Also, the known flywheel storage principle [4, pp. 178ff] in combination with an electrical machine has also been developed further. It is used in vehicles as well as in stationary energy devices. It can release within a few seconds the entire energy contents.
New concepts have been developed which use metals such as silicon [5] or aluminum [6] as universal energy carriers. For example, after the manufacture of pure silicon, the energy stored through the manufacturing process can be recovered in various processing steps with the aid of nitrogen and water via intermediates ammonia and hydrogen [5, pages 7ff].
In addition to solar chimney power plants that provide approximately constant power output, the only regenerative form of energy that is available continuously on demand in accordance with the corresponding demand of the consumer is geothermal energy.
Solar chimney power plants require extensive installation areas and will be built presumably only in desert areas far away from densely populated areas. In [12], a combination of a solar chimney power plant in connection with a solar thermal power plant is described. In this connection, the solar chimney power plant is employed for removing lost heat of the solar thermal system that can now be operated with a single water filling of the cooling system continuously. The extracted energy can be transmitted by using high-voltage power lines over land at economically acceptable conditions into the densely populated areas.
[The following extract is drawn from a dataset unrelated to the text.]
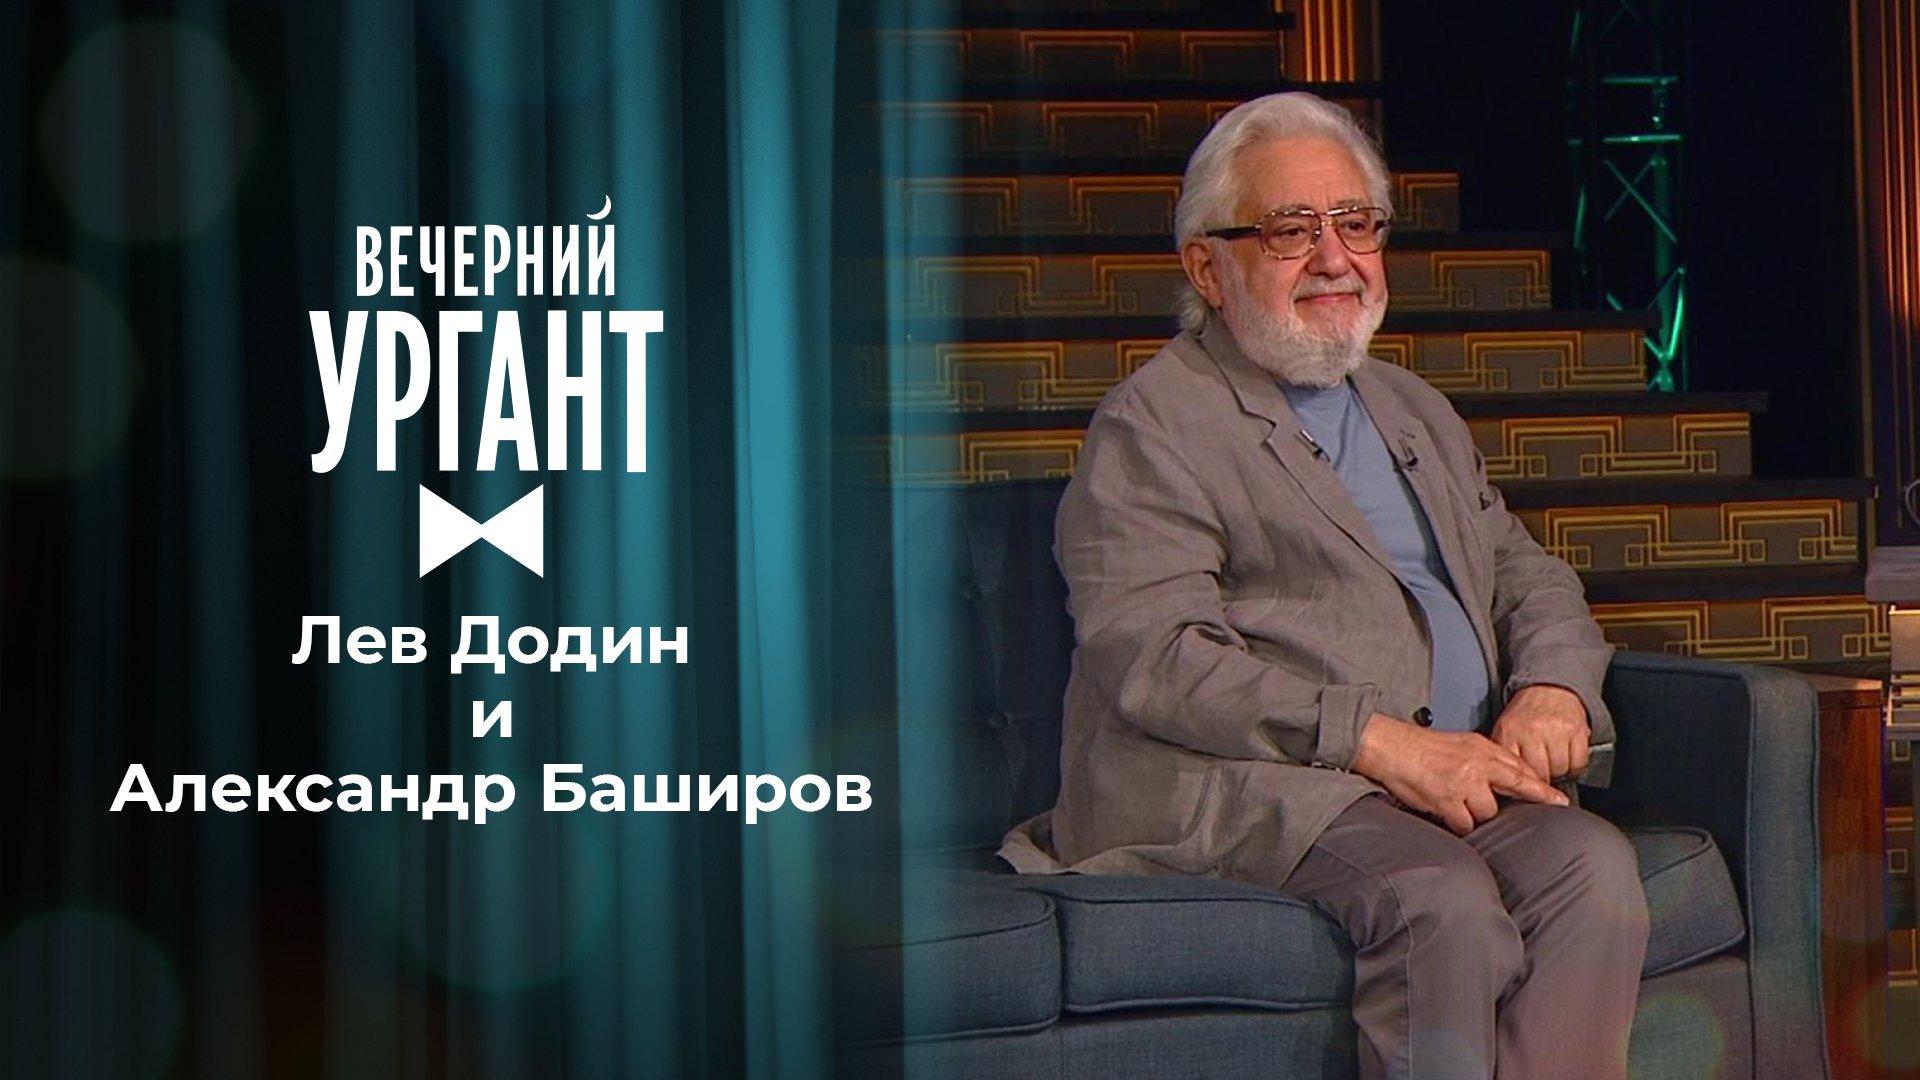 «Вечерний Ургант» вСанкт-Петербурге. Лев Додин иАлександр Баширов

In contrast to this, the geothermal energy can be used basically at any desired location. In upper layers, up to approximately 20 m, the solar radiation has an effect on the soil temperature. In some regions of the earth, the first meters can be heated by solar radiation to temperatures of 50° C. or, conversely, can be cooled in winter to the freezing point and below. Accordingly, a temperature course results that depends only on the season. The solar thermal energy that is stored within the soil can be utilized, for example, by using horizontal geothermal collectors in connection with heat pumps for heating buildings. This energy is referred to generally as near-surface geothermal energy.
The combination of solar collectors on the roof with devices for utilizing near-surface geothermal energy by geothermal collectors or geothermal probes and heat pumps is known. It is even possible to store the heat energy collected in summer by means of solar collectors with the aid of heat exchangers within the soil at minimal depth and to use a portion of this energy again for heating starting in fall [7, pages 89ff]. Generating electricity is not provided for in these concepts.
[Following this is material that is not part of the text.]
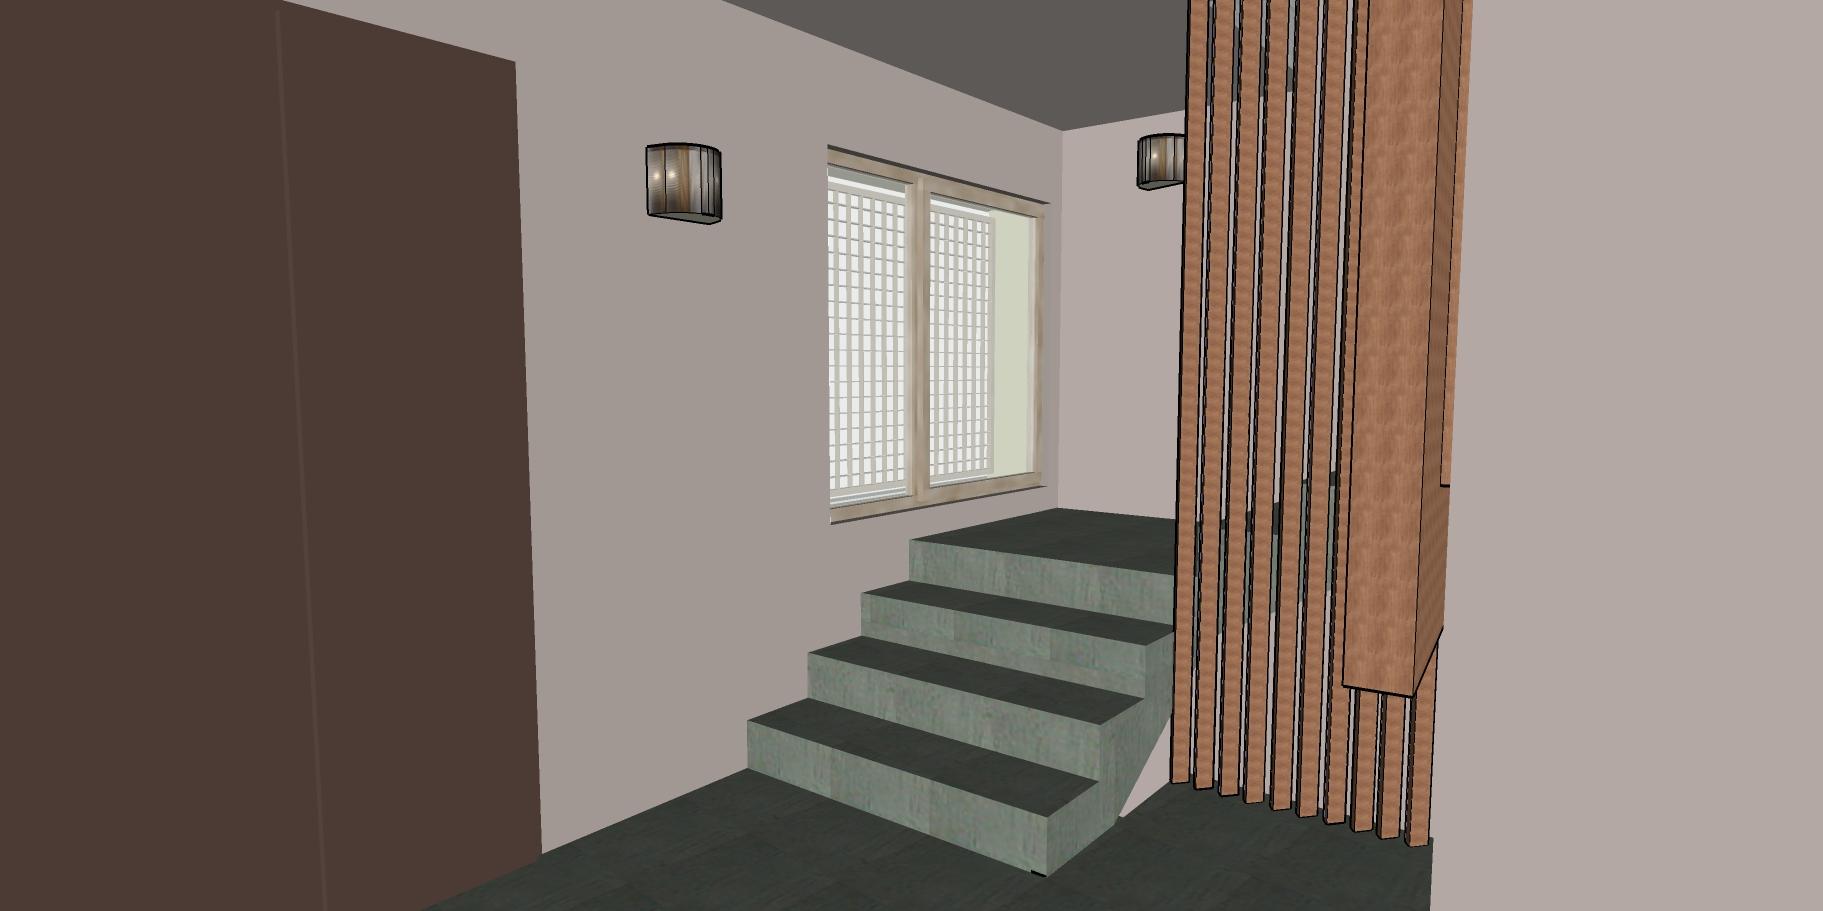 Decoration Intérieur Entrée Hall | Images Gratuites Intérieur Entrée ...

Underground water currents, aquifers that conduct warm water or hot water, and soils that are heated by volcanic activity are used directly for heating and for producing electricity. The geological and technical principles are described in detail in [7] and [8].
Aside from the near-surface geothermal energy there is also heat energy in the deep underground. It originates according to [7, pages 9ff] from three different sources:                It is stored energy that originates from the gravitational energy that was released during formation of the earth.        It is a residue from the primary heat present before the formation of the earth.        It is generated by the decomposition of radioactive isotopes in the earth's crust. This heat is stored in the earth as a result of the minimal heat conductivity of rock.        
The heat flow that results therefrom is given at 63 mW/m2 [7, page 40]. This energy flow is referred to as deep geothermal energy. For an initial coarse estimation of the temperature increase in the deep underground of the continental crust 30° K. per km can be assumed [7, page 34]. This heat reservoir is available at any location on earth.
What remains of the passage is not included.